◆ What the exercise asks ◆
Can you transcribe the data exactly? Leave the pictures out.

(Source data Opens)

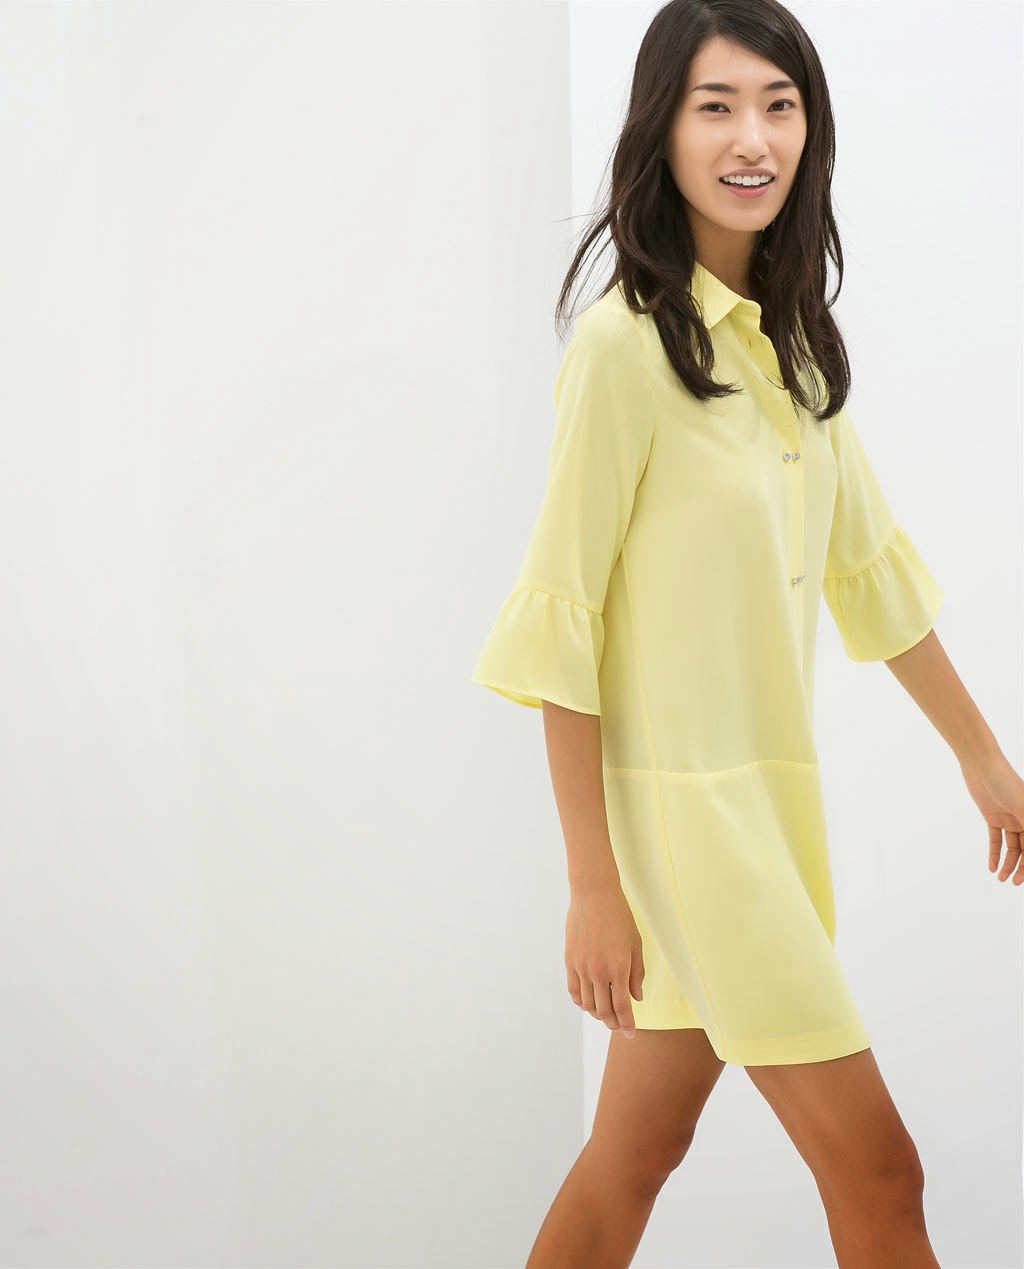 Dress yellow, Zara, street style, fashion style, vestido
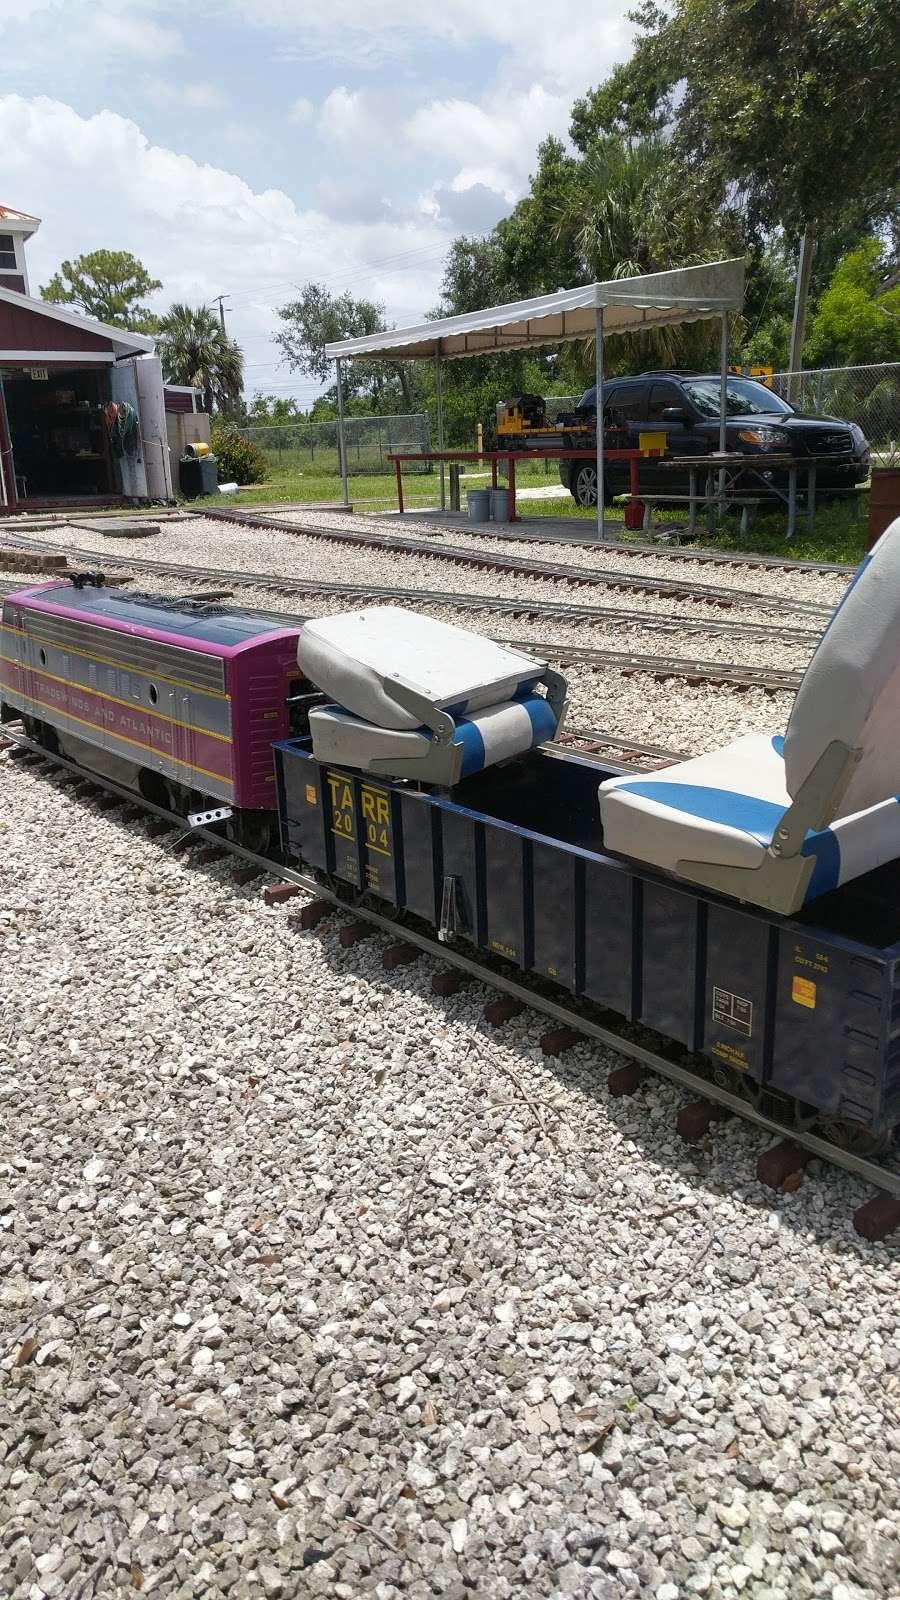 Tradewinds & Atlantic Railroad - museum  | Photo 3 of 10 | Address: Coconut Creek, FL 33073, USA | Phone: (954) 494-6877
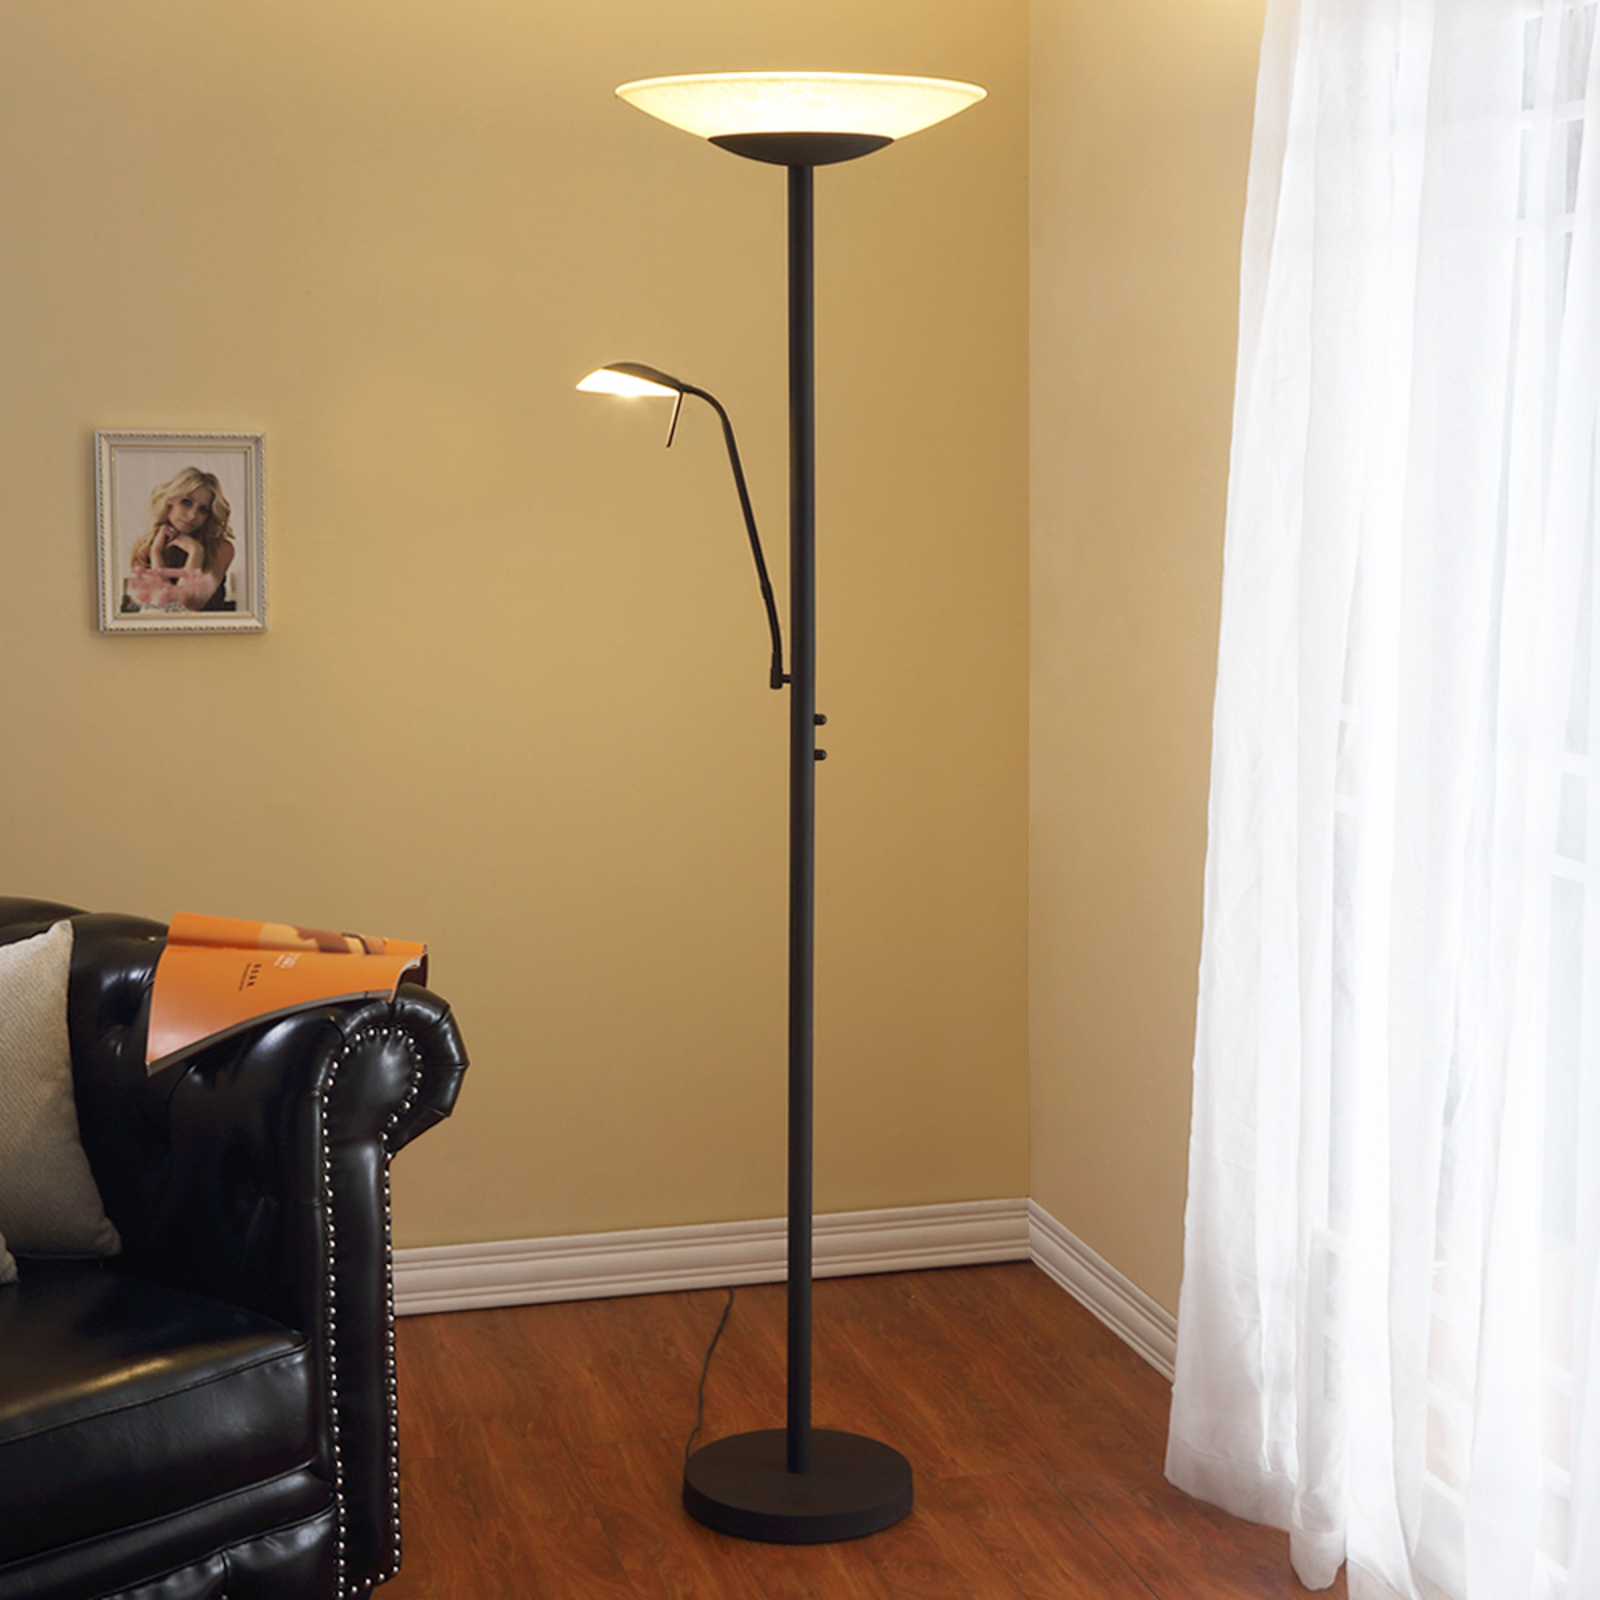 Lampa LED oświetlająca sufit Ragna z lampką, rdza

(Source data Closes)

◆ Task solution ◆
 Dress yellow, Zara, street style, fashion style, vestido
 Tradewinds & Atlantic Railroad - museum  | Photo 3 of 10 | Address: Coconut Creek, FL 33073, USA | Phone: (954) 494-6877
 Lampa LED oświetlająca sufit Ragna z lampką, rdza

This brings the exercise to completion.